Ce que produisit cette attente quand elle commença à se voir déçue, nous le dirons bientôt. Un mot seulement sur les sources auxquelles nous allons emprunter notre récit.

Dans cette histoire, le' Juif Josèphe, fils de Matthias, prêtre et pharisien, sera, faute d'autres, notre principal et souvent notre seul guide. tes documents païens sur la guerre de Jérusalem ne sont venus à nous qu'en petit nombre. Nous ne connaissons de Dion Cassius que les extraits fort écourtés de Xiphilin et de Théodose. Suétone se borne à quelques circonstances qui confirment le récit de Josèphe. Tacite trace sommairement l'origine de la guerre, donne la description de Jérusalem et indique le début du siège ; mais le reste de son livre nous fait défaut.

Ces renseignements-là du moins sont historiques. Les Juifs modernes n'ont rien de pareil à nous apporter. C'est une chose étrange que ce peuple ait si mal gardé la mémoire de la grande catastrophe où son temple, sa religion et sa liberté ont péri. Le fouillis de son Talmud n'offre à cet égard que quatre ou cinq faits que l'on peut tenir pour historiques, joints à une vingtaine de fables, qui témoignent de l'imagination la plus puérile et de l'ignorance la plus grossière. Le livre longtemps populaire et même révéré parmi eux, qui passe sous le nom de Josippon ou de Joseph, fils de Gorion, n'est, dans sa partie admissible, qu'un extrait de Josèphe, fils de Matthias. Pour tout le reste, l'auteur, qui parait avoir été un juif breton ou manceau du dixième siècle, se livre tout à son aise aux caprices d'une imagination que ne gêne pas l'érudition même la plus vulgaire. Selon lui, Alexandre le Grand était un magicien, fils de magicien, qui causait en grec avec l'arbre du soleil et en hébreu avec l'arbre de la lune. Le césaréat, que les Grecs appellent impériosat, fut établi à Rome par Impériosus, fils de Ptolémée, et, quand, deux siècles après, Jules prétendit se faire César, ce hardi jeune homme (il n'avait alors que dix-neuf ans) n'en vint à bout qu'en massacrant tout le sénat. Néron périt frappé de la foudre ; Vespasien fit mourir le roi juif Agrippa et son fils Monobaze, parce qu'Agrippa avait combattu son élection à l'empire et l'avait même accusé de quelques grands crimes auprès du patron (du Pape). Vespasien fut couronné par le même patron, avec toute la pompe des empereurs germaniques, entre les princes électeurs du saint empire, au milieu du peuple qui répondait amen et des hérauts d'armes qui jetaient des florins d'or.

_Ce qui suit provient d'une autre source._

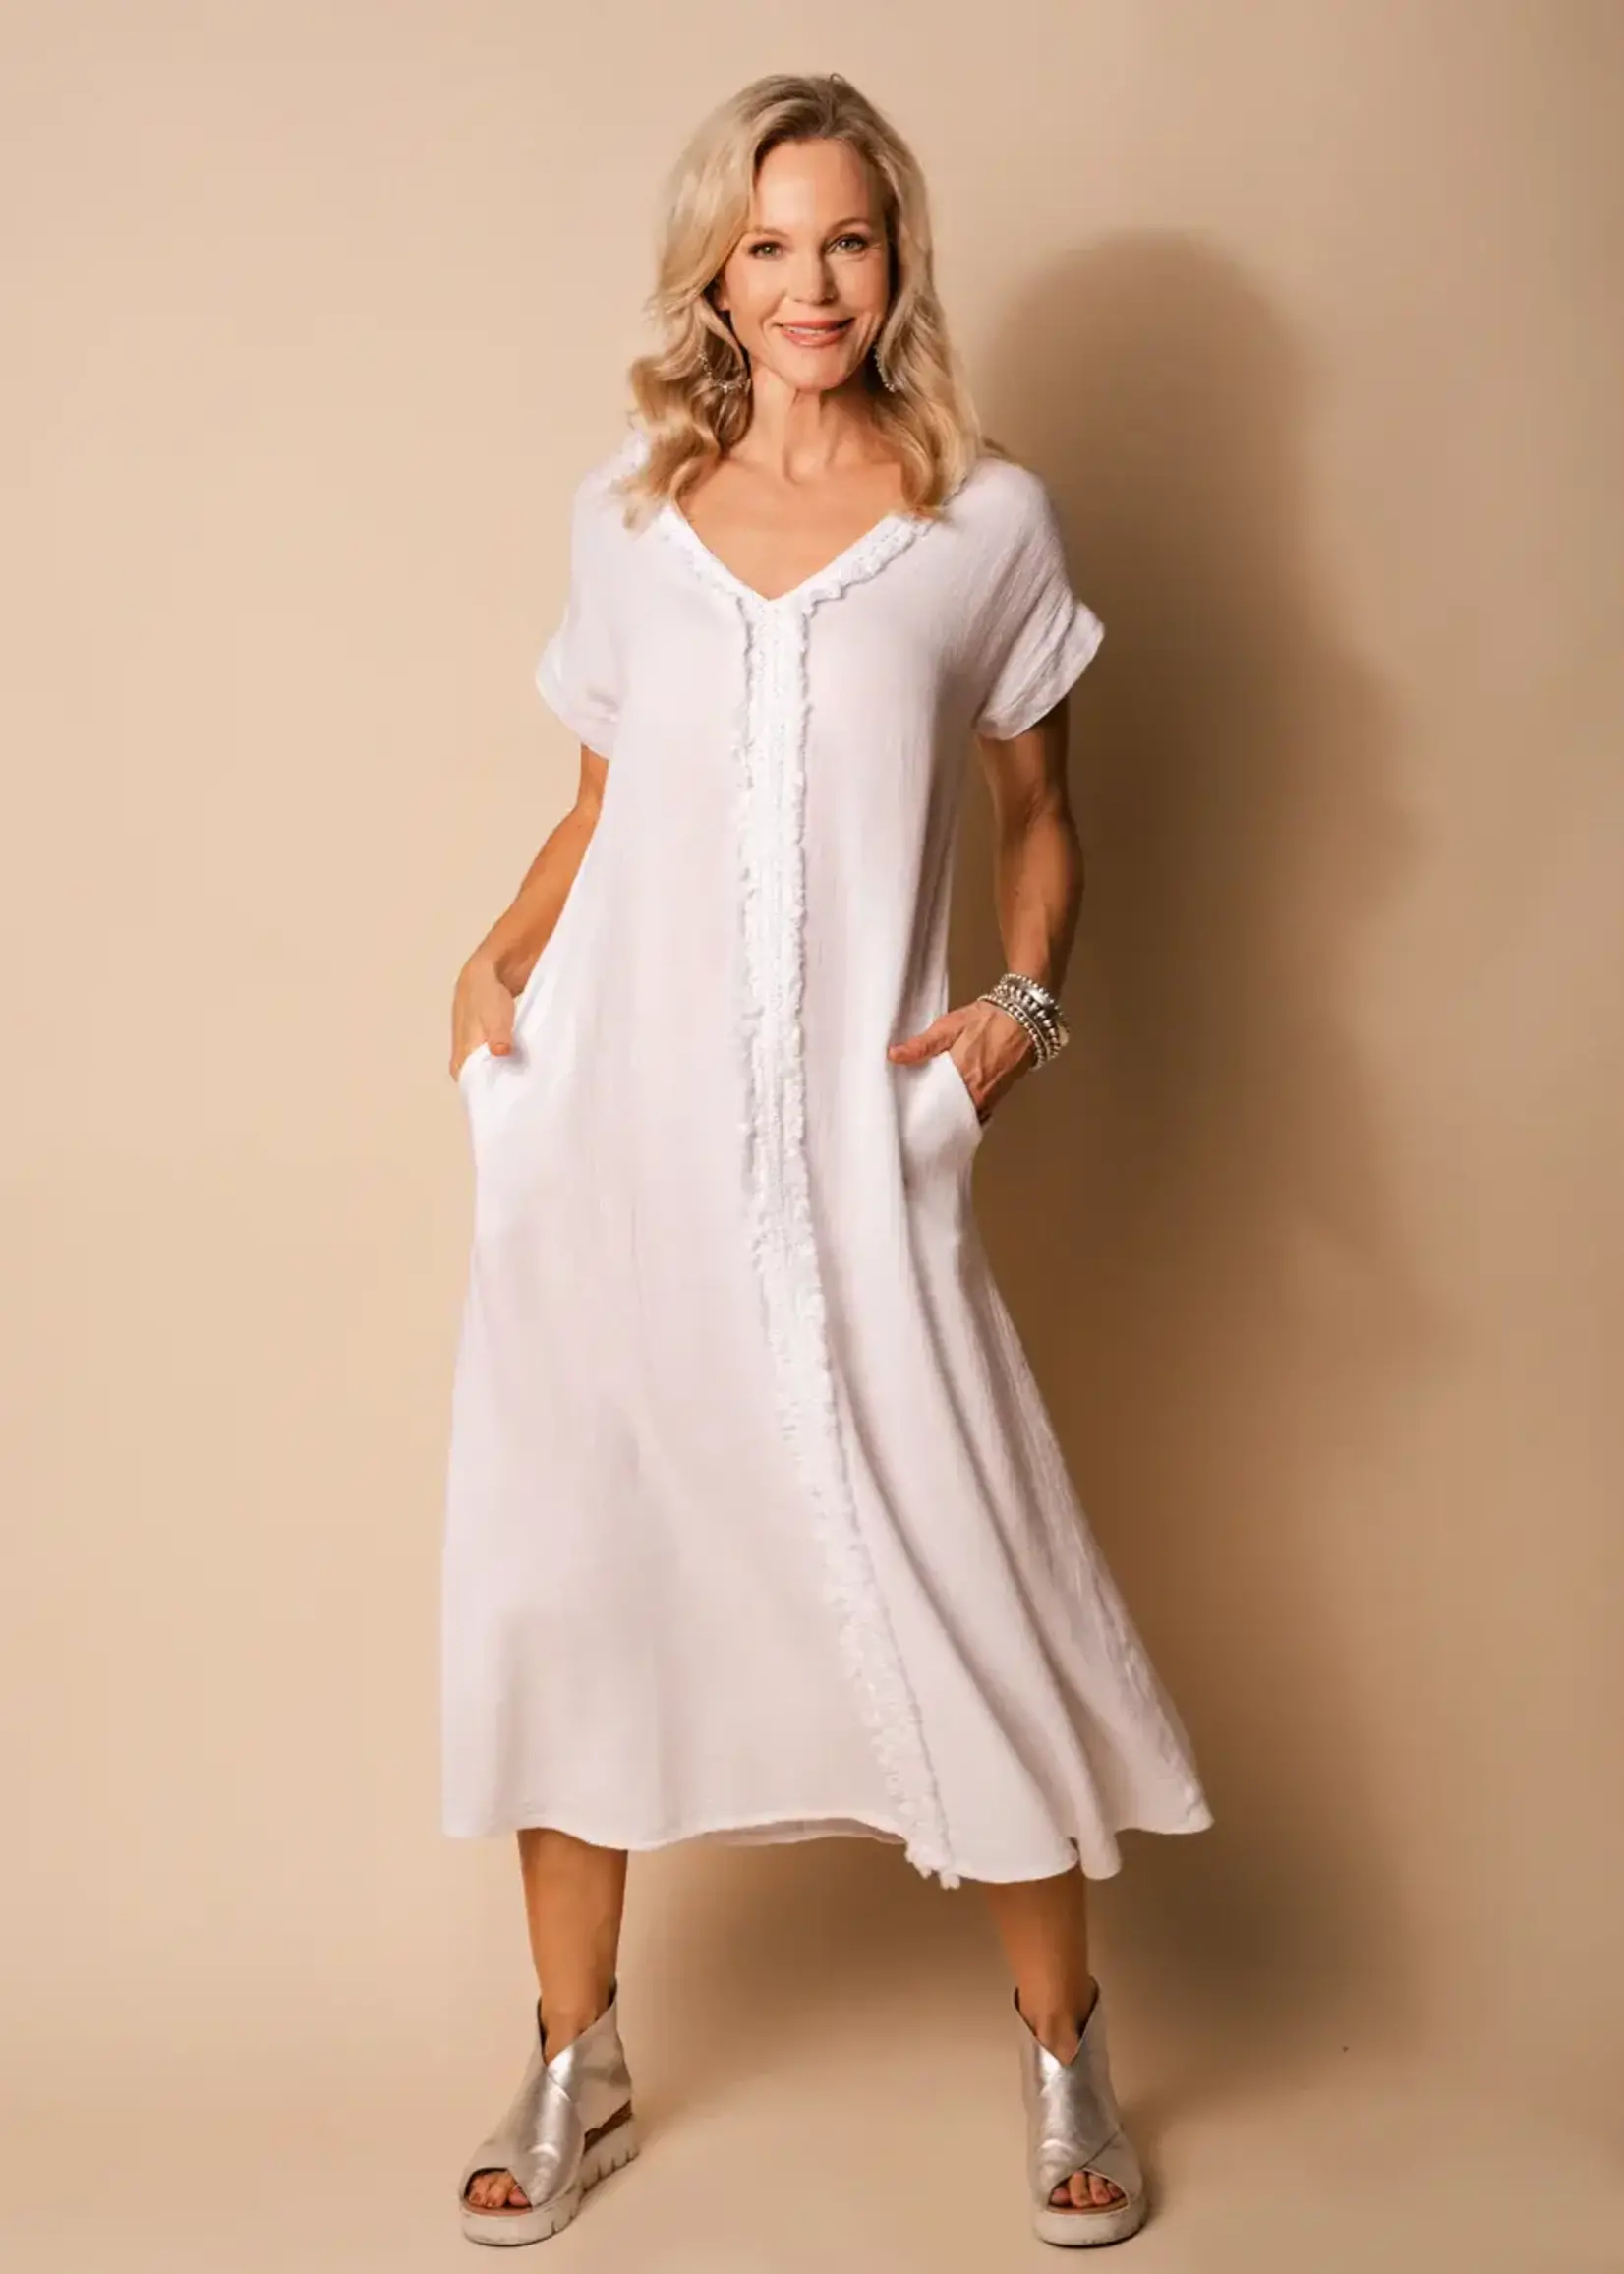 Imagine Fashion White Kaidi Linen Dress

Mais le plus merveilleux du livre, c'est l'auteur lui-même. Né cinquante ans avant Jules César, il prit part à la guerre de Jérusalem, ce qui lui donne cent quatre-vingt-six ans. Il avait cependant alors son père et sa mère, âgés l'un de cent trois ans et l'autre de quatre-vingt-cinq (de sorte que lui-même avait cent ans de plus que sa mère). Tel est cet historien dont les Juifs modernes, ses éditeurs, ont dit que toutes les paroles sont vérité et justice, que la main de l'Éternel a reposé sur lui pendant qu'il écrivait, qu'il approche des anciens prophètes et qu'il n'y a aucune fausseté dans ses écrits[37].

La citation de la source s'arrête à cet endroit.